See the table of properties for available sets.

struct block;
Narrows down the search for sets of code points to all Unicode blocks.

See also table of properties.

Note:
Here block names are unambiguous as no scripts are searched and thus to search use simply unicode.block.BlockName notation.

See table of properties for available sets.

Example:
// use .block for explicitness
assert(unicode.block.Greek_and_Coptic == unicode.InGreek_and_Coptic);

struct script;
Narrows down the search for sets of code points to all Unicode scripts.

See the table of properties for available sets.

Example:
auto arabicScript = unicode.script.arabic;
auto arabicBlock = unicode.block.arabic;
// there is an intersection between script and block
assert(arabicBlock['؁']);
assert(arabicScript['؁']);
// but they are different
assert(arabicBlock != arabicScript);
assert(arabicBlock == unicode.inArabic);
assert(arabicScript == unicode.arabic);

struct hangulSyllableType;
Fetch a set of code points that have the given hangul syllable type.
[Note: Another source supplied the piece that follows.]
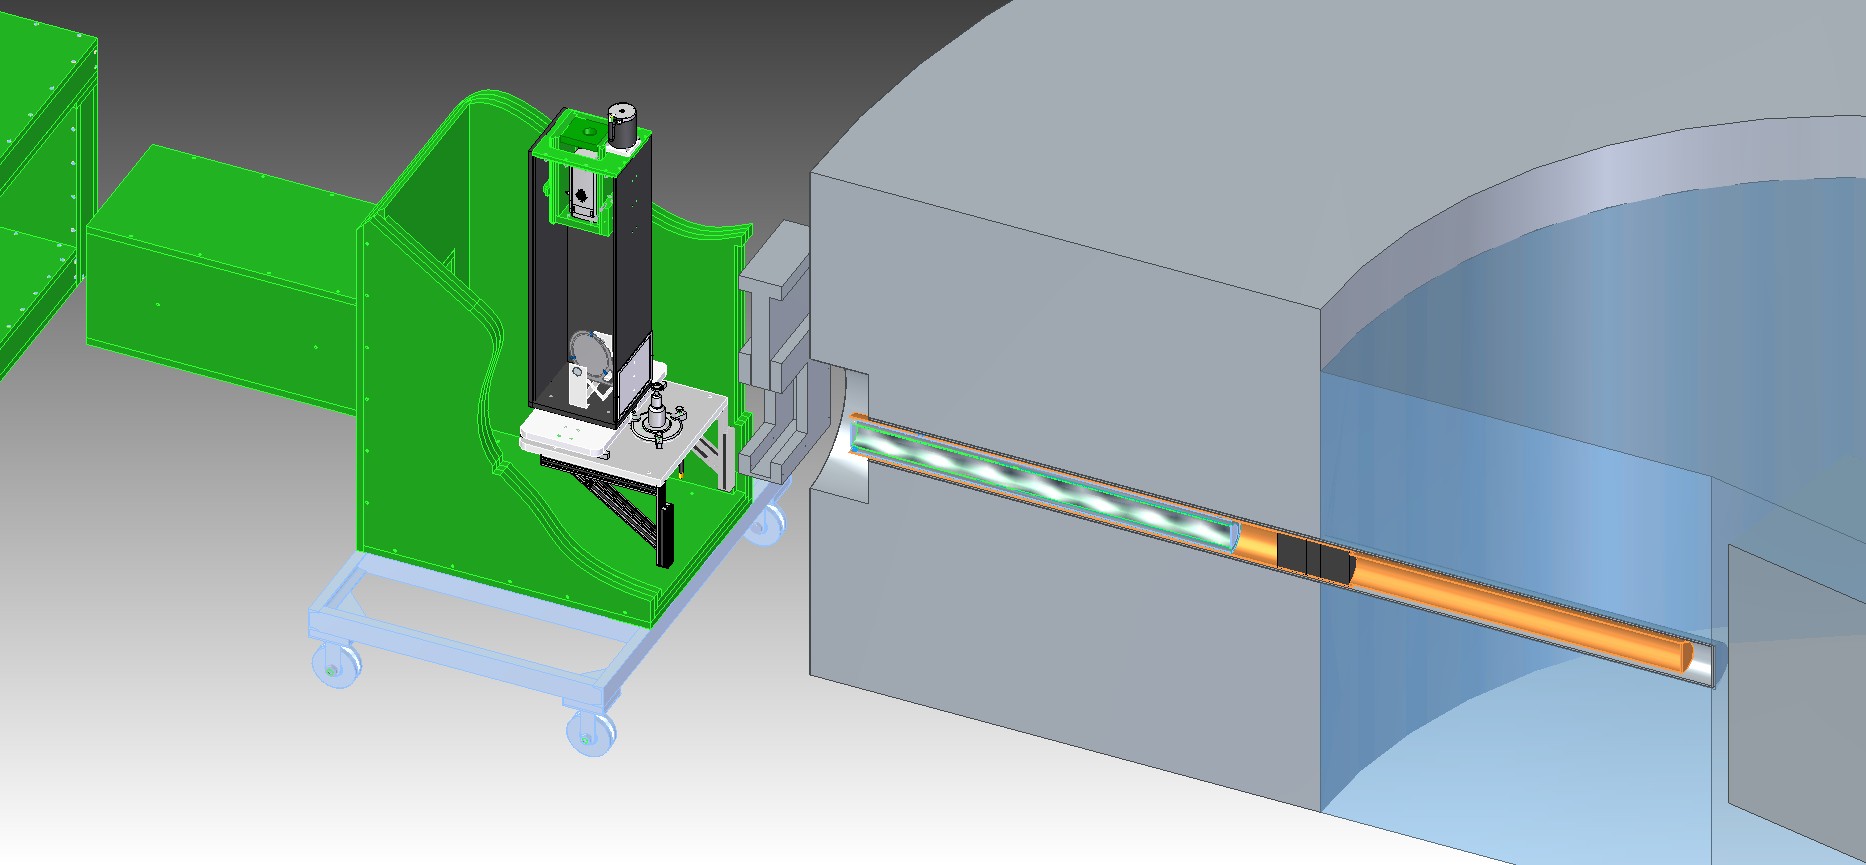 Ilustração 3D do equipamento de imageamento com nêutrons

Other non-binary properties (once supported) follow the same notation - unicode.propertyName.propertyValue for compile-time checked access and unicode.propertyName(propertyValue) for run-time checked one.

See the table of properties for available sets.

Example:
// L here is syllable type not Letter as in unicode.L short-cut
auto leadingVowel = unicode.hangulSyllableType("L");
// check that some leading vowels are present
foreach(vowel; '\u1110'..'\u115F')
    assert(leadingVowel[vowel]);
assert(leadingVowel == unicode.hangulSyllableType.L);

size_t graphemeStride(C)(in C[] input, size_t index) if (is(C : dchar));
Returns the length of grapheme cluster starting at index. Both the resulting length and the index are measured in code units.

Example:
// ASCII as usual is 1 code unit, 1 code point etc.
assert(graphemeStride("  ", 1) == 1);
// A + combing ring above
string city = "A\u030Arhus";
size_t first = graphemeStride(city, 0);
assert(first == 3); //\u030A has 2 UTF-8 code units
assert(city[0..first] == "A\u030A");
assert(city[first..$] == "rhus");

Grapheme decodeGrapheme(Input)(ref Input inp) if (isInputRange!Input && is(Unqual!(ElementType!Input) == dchar));
Reads one full grapheme cluster from an input range of dchar inp.

For examples see the Grapheme below.

Note:
This function modifies inp and thus inp must be an L-value.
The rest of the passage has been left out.